The module will still be supported; but it will most likely be necessary to revert the module to factory defaults (re-image) early in the process to ensure it is not an unsupported change that is causing issue.

It is possible, depending on the changes implemented, that a signature update could revert a change; that is why the service account should not be utilized for direct or long-term configuration changes. Most changes performed via the service account are under TAC direction, and are usually reverted when the troubleshooting is completed.

Just some food for thought ...

pemasirid · ‎04-10-2011

Hi,

Thanks for all your valuable responses. Also just want to know is there any impact or service disruptions etc doing this, as we have many IPS deployed and all are currently on live network.

thanks

Jennifer Halim · ‎04-10-2011

It should be no service impacting as only the SSH daemon needs to be restarted.
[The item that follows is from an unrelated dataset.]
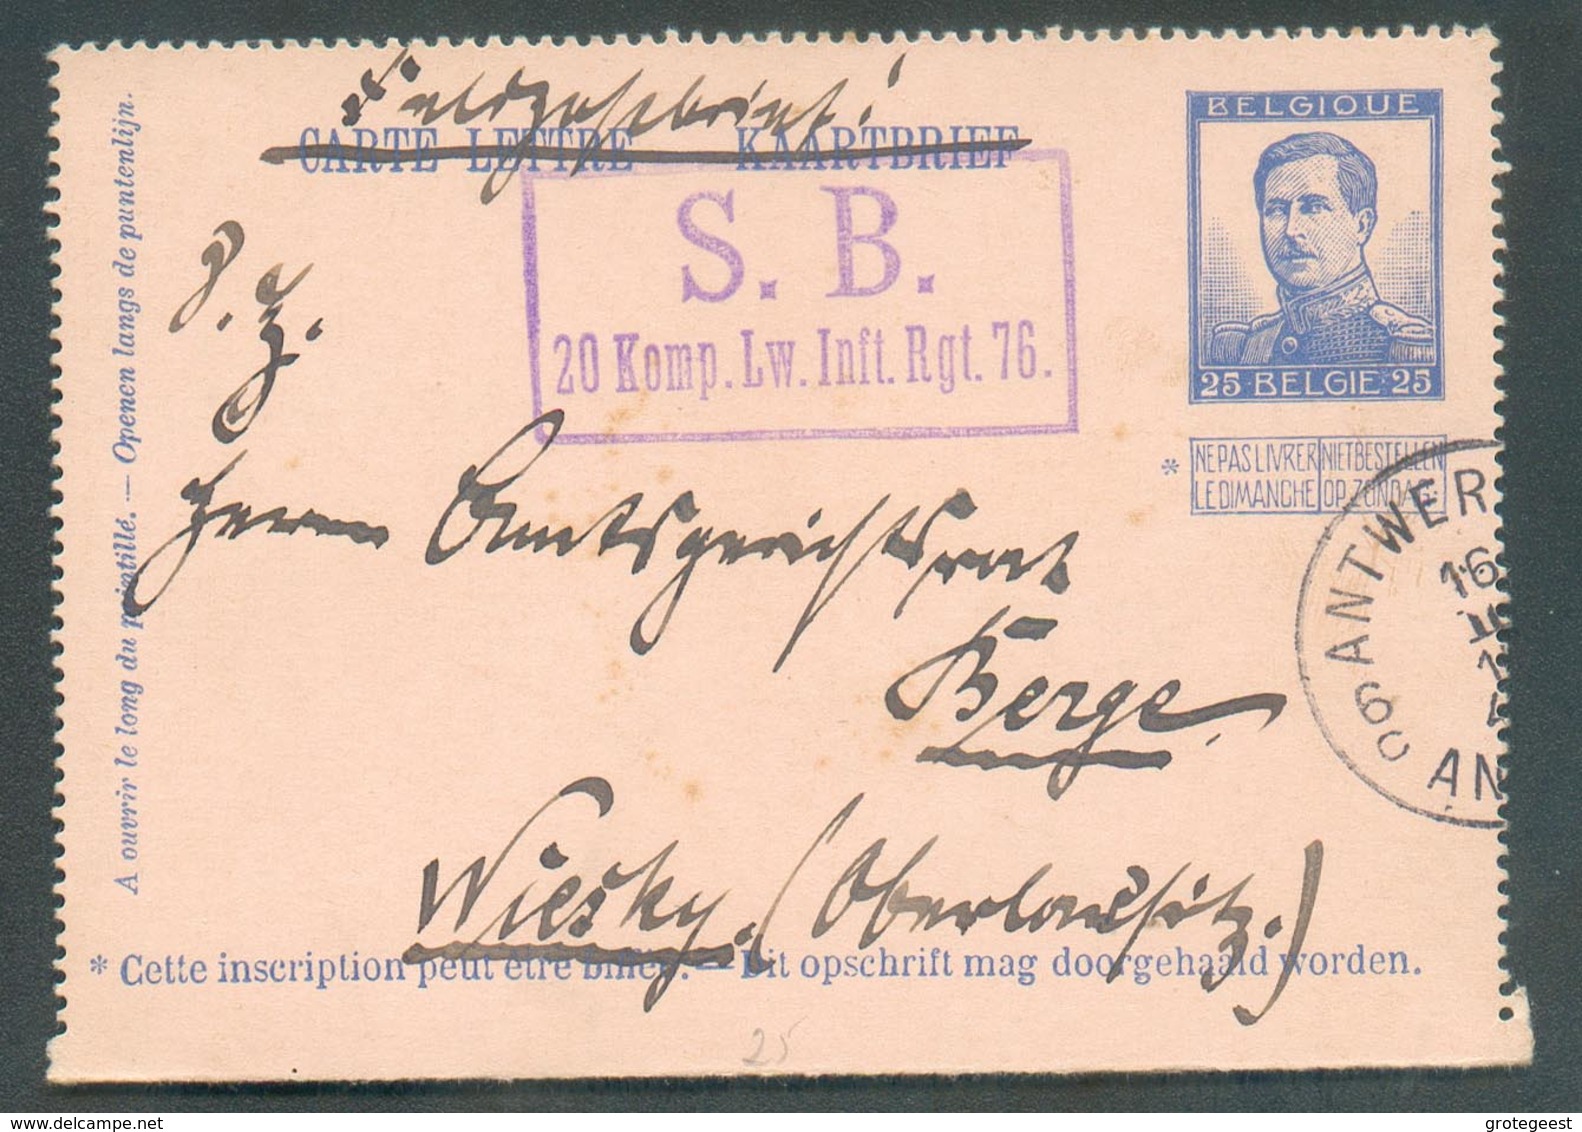 E.P. Carte-lettre 25c. Pellens Obl. Sc ANTWERPEN 6 Du 16-II-1915 En Feldpostbrief + Griffe Violette S.B. 20.Komp.Lw.Infl - Cartas-Letras

However, if you are performing the change via SSH session, it will kill the session when restart is being performed.

Message was edited by: Jennifer Halim

mikecrowe4ICS_2 · ‎04-10-2011

Some of the comments regarding this change, such as this one, indicate that only the SSH daemon needs to be restarted, using this command:

/etc/rc.d/init.d/sshd restart

This would include Jennifer's comment above.

Other comments, such as this one, indicate restarting the "cids" process. You will probably need to try the configuration to see which method works for you, either on a test machine, or one that will not impact network traffic.

SecureWorks Device Management · ‎10-03-2012

Hello,

Will the steps provided survive an IPS reboot and/or an IPS upgrade?

Thanks.

Jennifer Halim · ‎10-03-2012

It will survive an IPS reboot, however, as changes were being done via service account, it will not survive an IPS upgrade.

Here is an enhancement request that you can track to only allow SSHv2 via normal IPS command line: CSCsk84977

http://tools.cisco.com/Support/BugToolKit/search/getBugDetails.do?method=fetchBugDetails&bugId=CSCsk84977

SecureWorks Device Management · ‎10-04-2012

Jennifer,

Can you provide us a time frame on this enhancement? Seems to me if you can easily disable SSHv1 on an ASA you should be able to on an IPS. Please have your development team prioritize this.

Thanks.

Jennifer Halim · ‎10-05-2012

Unfortunately i don't have time frame for this enhancement. You would want to get in touch with your cisco account rep for this, or alternatively open a TAC case so it can be linked as the more people who request it, the more priority it will get.